Rudolf Kristian Albert Broby-Johansen (25 November 25, 1900 - 9 August 1987) was a Danish art historian, avant-garde poet, journalist, provocateur, educator, communist activist and writer.
Born in Aalborg, North Jutland to a working-class family, Broby-Johansen grew up in Lunde, Otterup Municipality, Funen.
He published a poetry collection in 1922 called Blod ("Blood"), containing poems on the themes of misery and poverty as well as tabooed topics such as prostitution and necrophilia, was considered scandalous and confiscated by the authorities (re-published in 1968). However, it has gained long-lasting influence in Danish literature by influencing such poets as Michael Strunge and Yahya Hassan.
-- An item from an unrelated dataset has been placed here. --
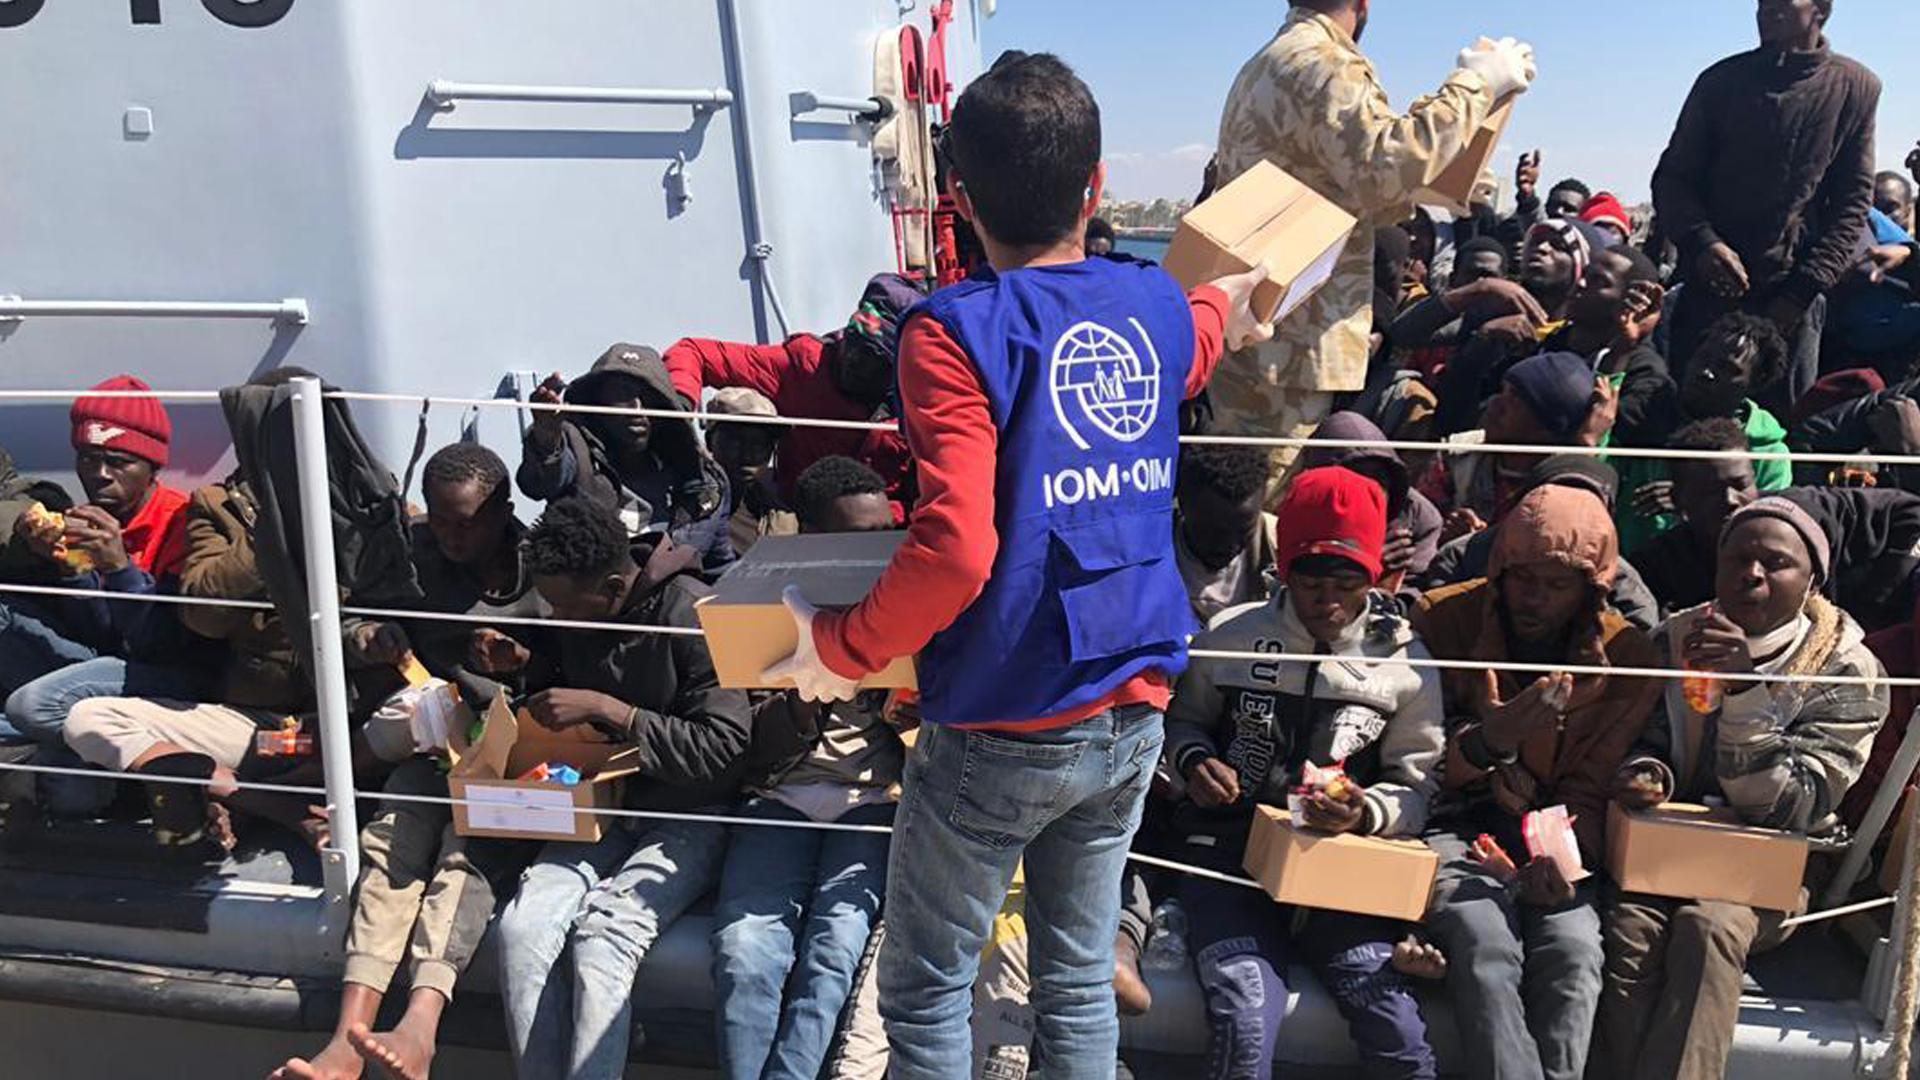 migranti OIM - Decreti Salvini

Moreover, it is seen as a prime example of Danish modernist and expressionist poetry.
He joined the Communist Party of Denmark (DKP) and became one of the key personalities behind several Danish left-wing journals such as Monde, Plan and Frem.

Broby-Johansen ended his political activism in 1935, following the exile of Leon Trotsky and the persecution of Trotskyism in the Soviet Union, and he focused on artistic work. Among his publications on art history are works on costume history and the history of painting.
As art historian, he was also responsible for the reconstruction of the colouring of the copy of the greater Jelling stone commissioned in the 1930s, which he dubbed "Denmark's baptismal certificate".
He also published a children's book (Gaga og siksak, holger og dig, 1949) and a Danish re-telling of Aesop's Fables (Den lille Æsop 1945; Den danske Æsop 1961).
He returned to political activism in the 1960s in support of Maoism and the Chinese Cultural Revolution, and in the 1970s he campaigned against the accession of Denmark to the European Communities. He re-joined the DKP in 1983, a few years before his death.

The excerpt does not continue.